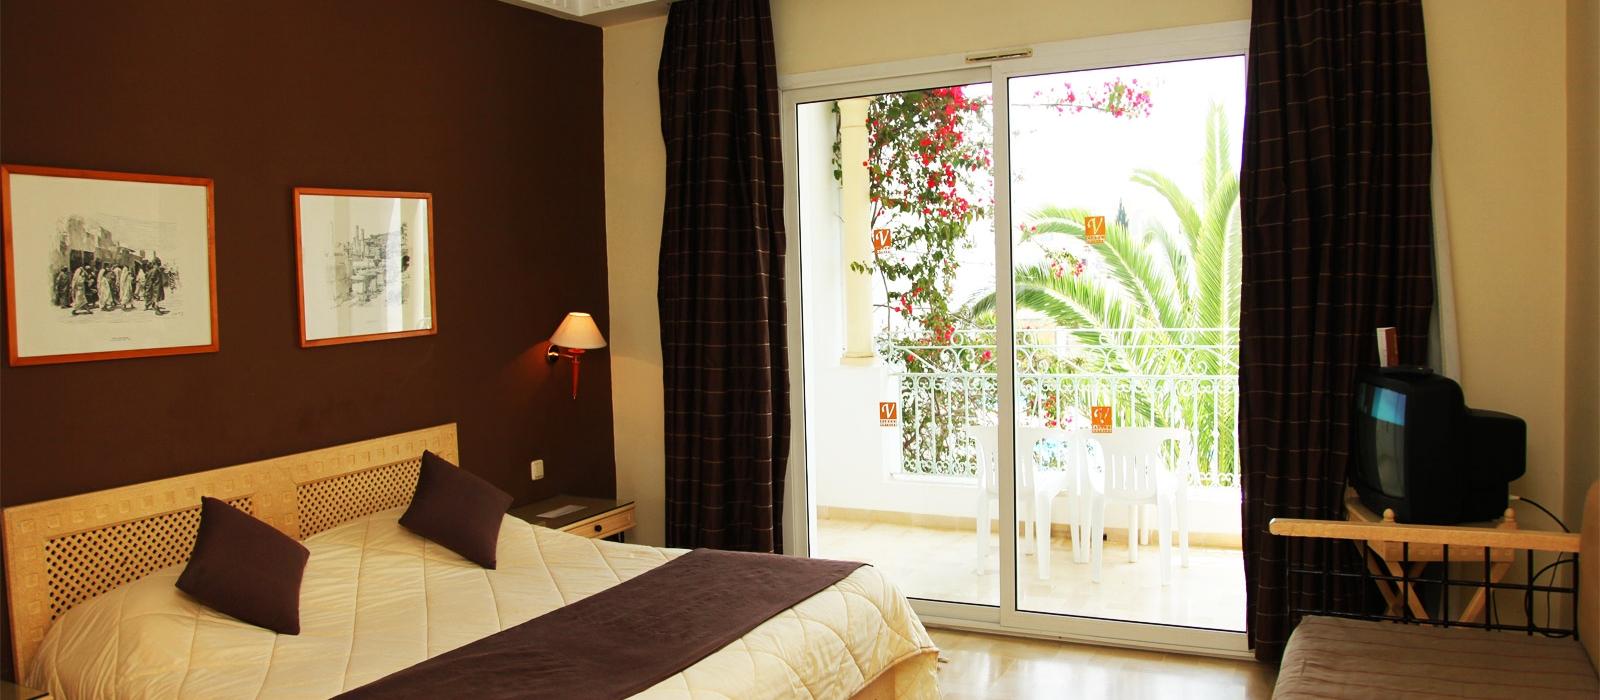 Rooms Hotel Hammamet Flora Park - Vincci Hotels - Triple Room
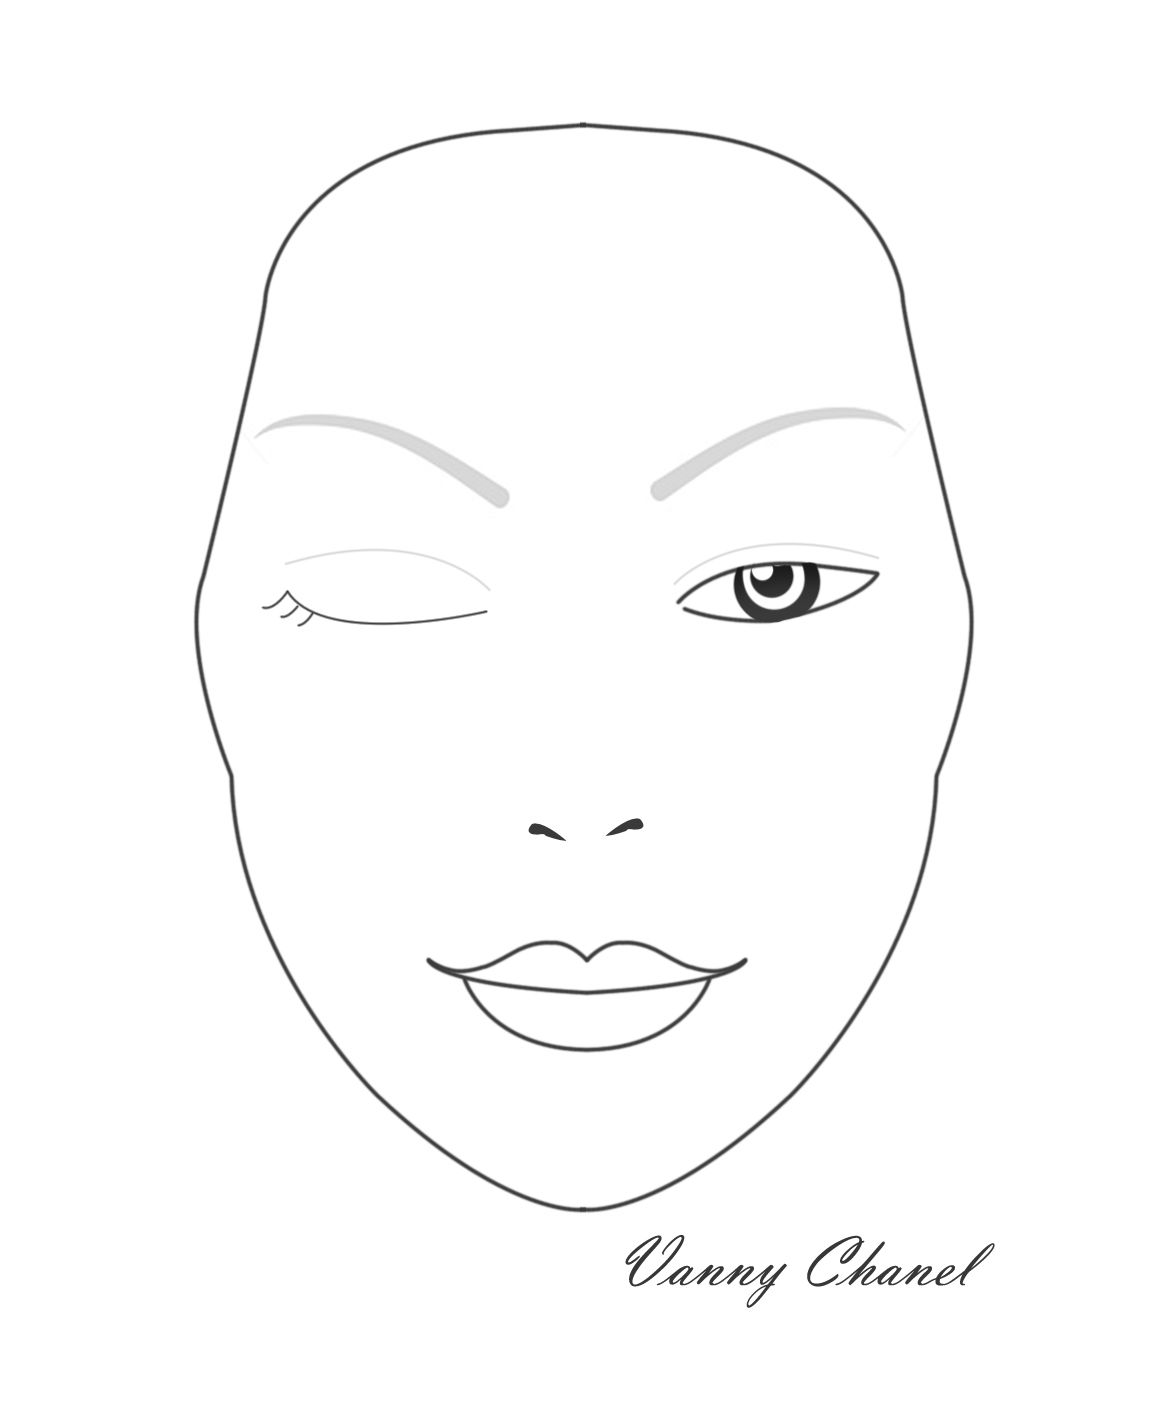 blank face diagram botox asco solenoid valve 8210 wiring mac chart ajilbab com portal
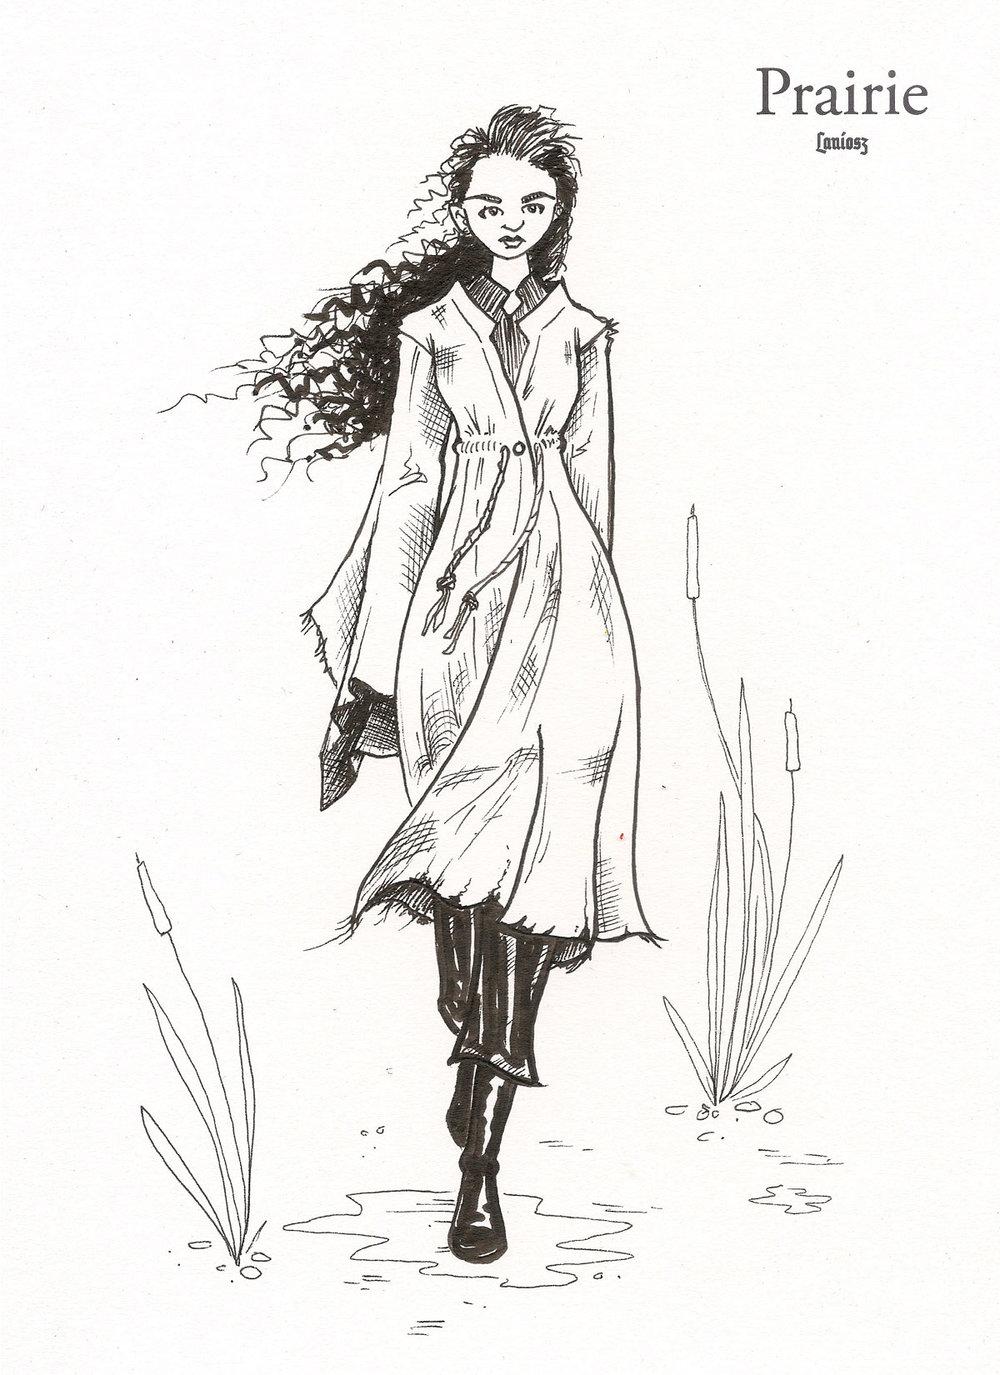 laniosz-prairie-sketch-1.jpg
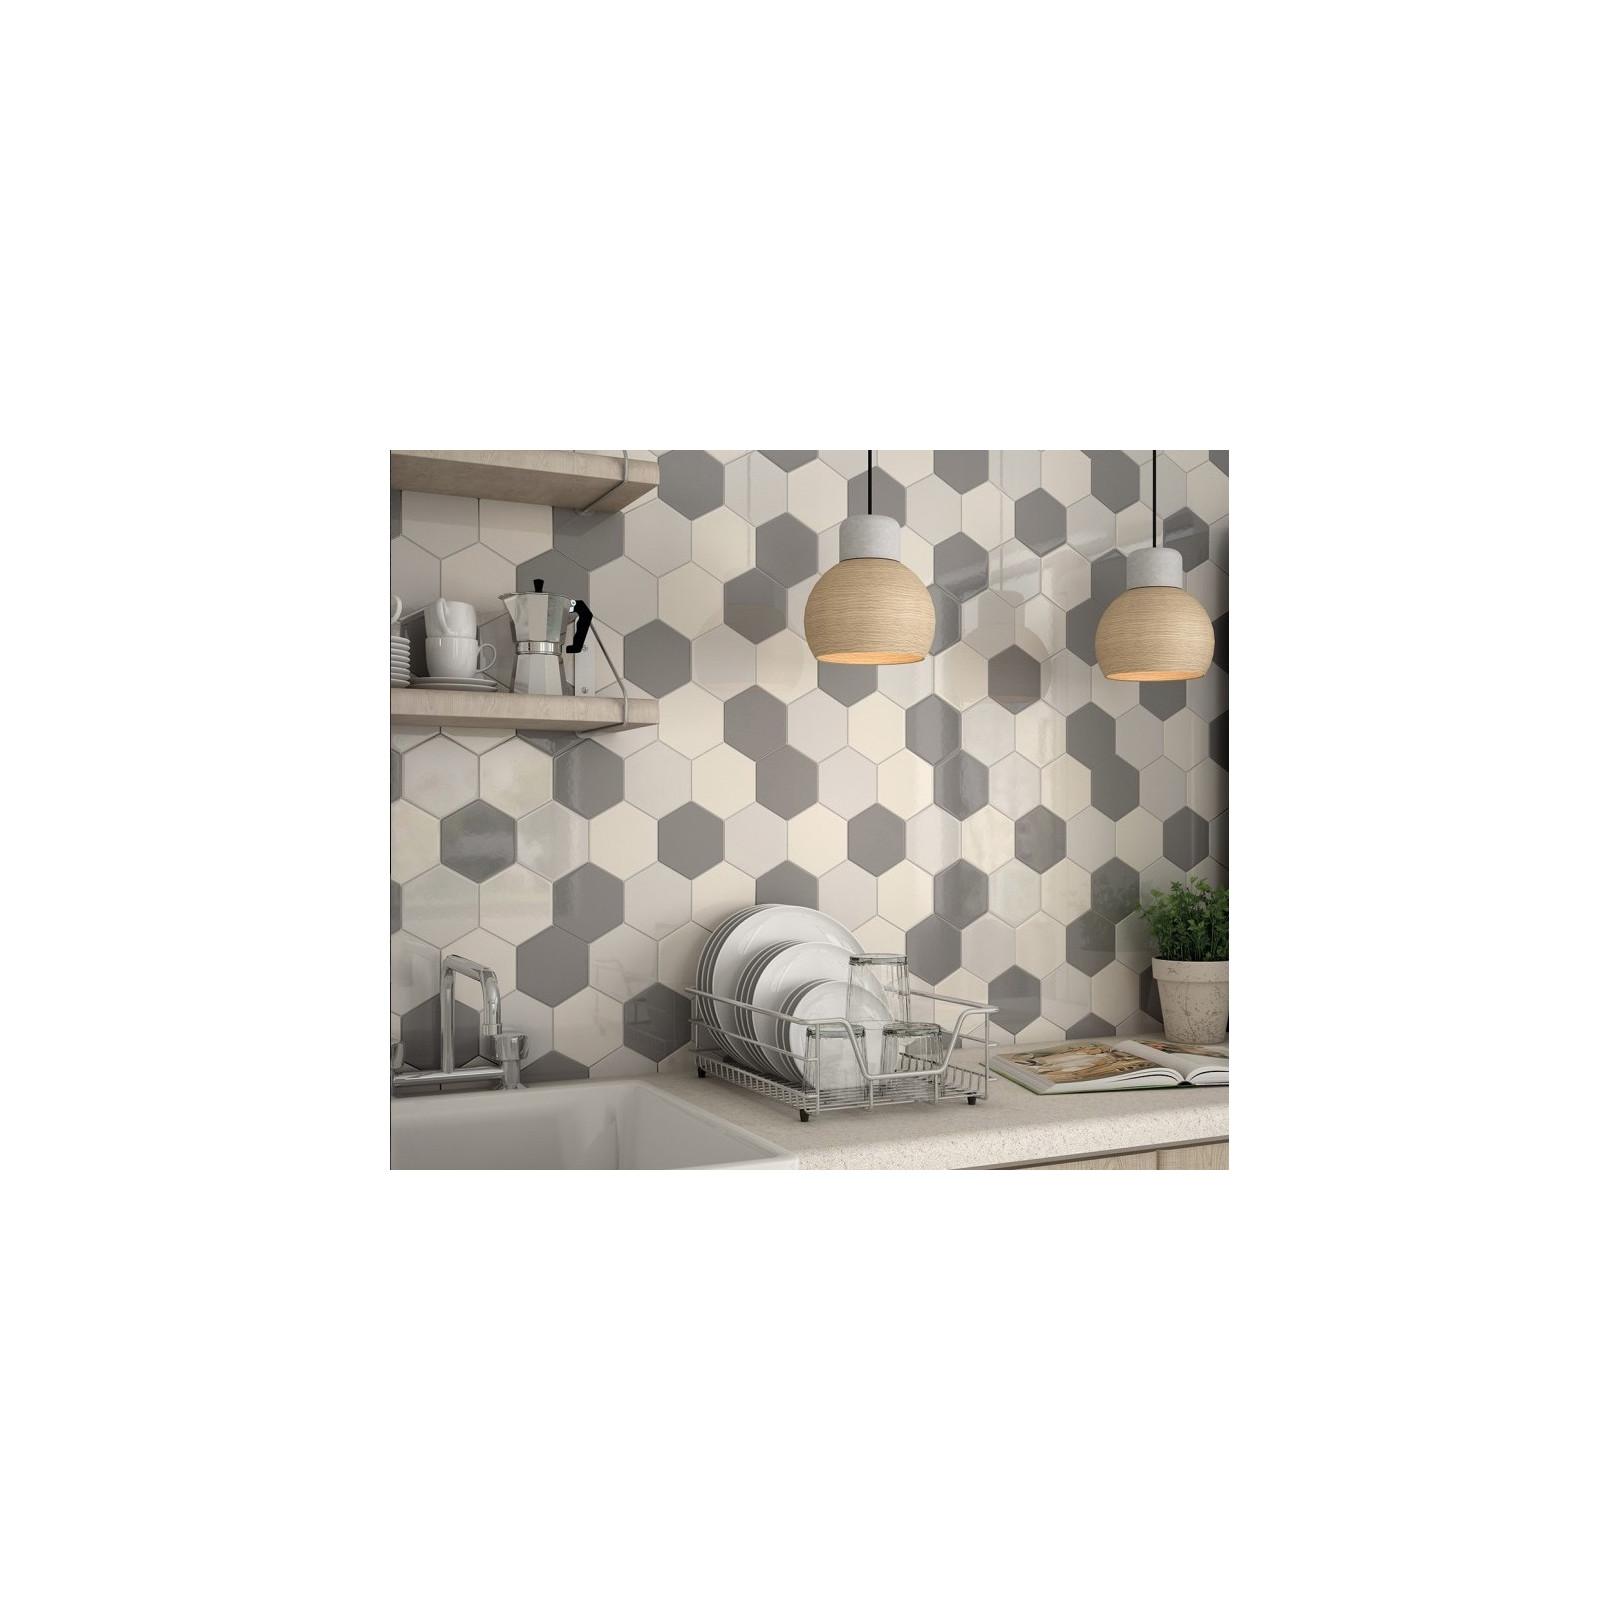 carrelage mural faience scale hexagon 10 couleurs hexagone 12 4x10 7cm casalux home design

**Task directions:** Repeat the listing above word for word and leave its images out.

**The completed task:**
 Rooms Hotel Hammamet Flora Park - Vincci Hotels - Triple Room
 blank face diagram botox asco solenoid valve 8210 wiring mac chart ajilbab com portal
 laniosz-prairie-sketch-1.jpg
 carrelage mural faience scale hexagon 10 couleurs hexagone 12 4x10 7cm casalux home design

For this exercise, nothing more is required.